I'm struggling figuring out how to tackle down this exercise. I don't know how to approach this question. I guess the answer needs to be $I > 0$, because D is alwasy greater or equal then 1. And because inside the integral all the variables are not related to A, so you can see them as constants. So a solution would be $A^2/2 + C$. But I have the feeling that this approach might be wrong. The exercise goes like this.
Let $D=\{(x,y) \in \mathbb{R}^2 |1 \leq x^2 +y^2 \leq3 \}$ if $$I = \iint_D(|x+y|-x-y)dA$$ which of the following is true: $$I = 0$$ $$I > 0$$ $$I < 0$$
If you know the answer and would like to share it, it would be very much appreciated!
Thanks in advance
$ \displaystyle I = \iint_D(|x+y|- (x+y)) \ dA$
$D=\{(x,y) \in \mathbb{R}^2 |1 \leq x^2 +y^2 \leq3 \}$
$D$ is region between two circles centered at the origin with radius $1$ and $\sqrt3$.

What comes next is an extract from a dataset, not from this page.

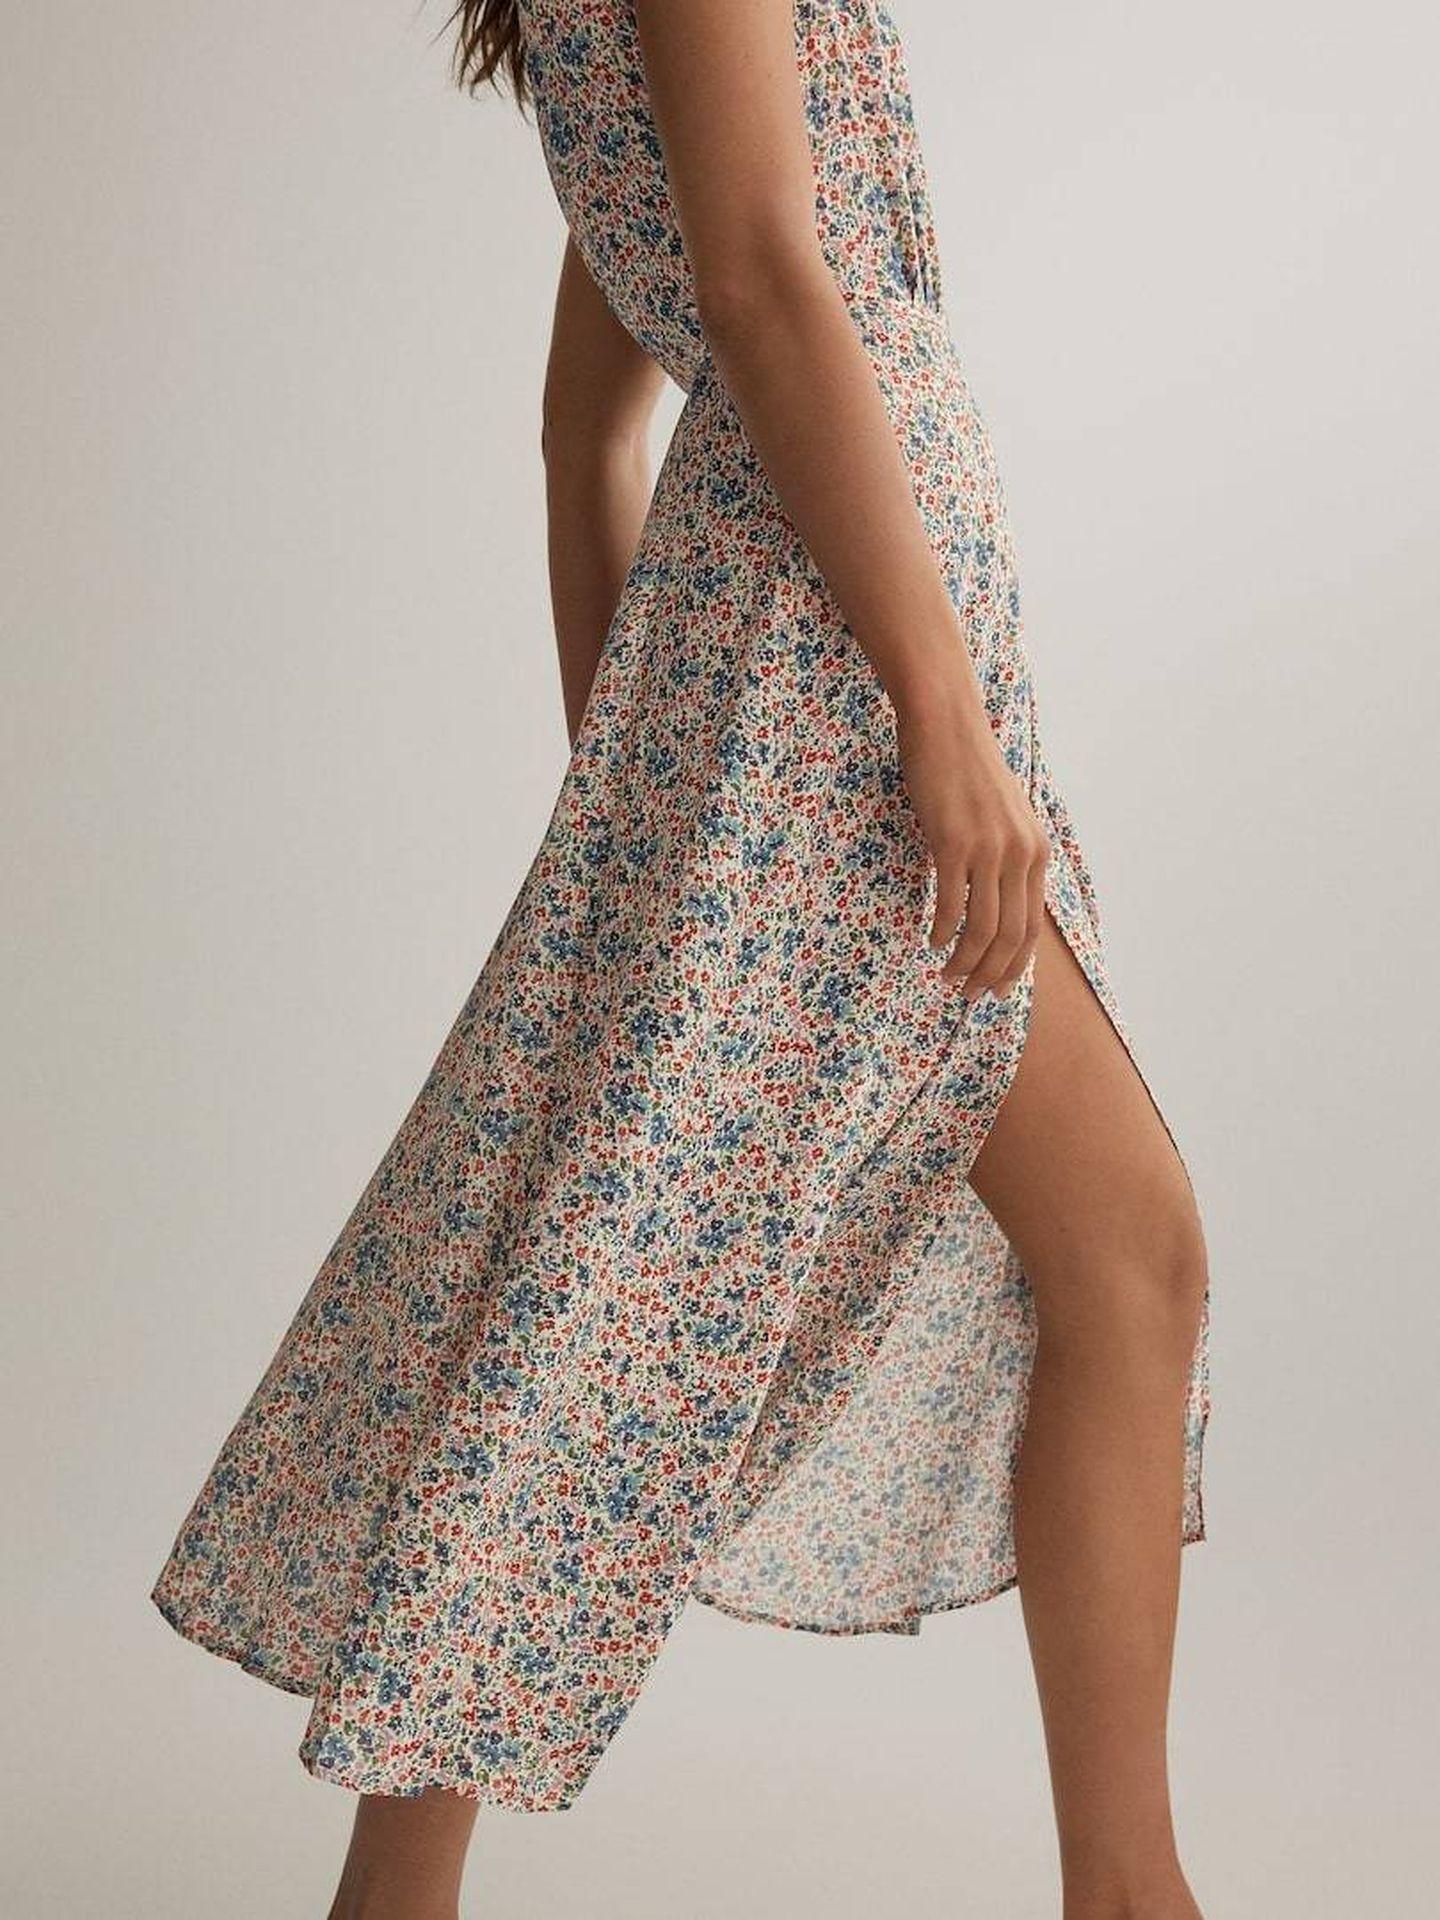 El nuevo vestido de flores de Oysho. (Cortesía)

Now in the given region, let's check the sign of the integrand $|x+y| - (x+y)$. Given the absolute term, it is simpler to check the sign in each quadrant separately.
In first quadrant, $x, y \geq 0$ and so integrand is zero and so is the integral.
In second quadrant, $x$ is negative and $y$ is positive. So we divide the region in two -
i) when $y \geq |x|$, the integrand is zero.
ii) when $y \leq |x|$, the integrand is $- 2(x+y)$, which is positive.
So in second quadrant, integral is positive.
Similarly, show that the integral is positive in quadrant $3$ and $4$ as well.
So, $I \gt 0$.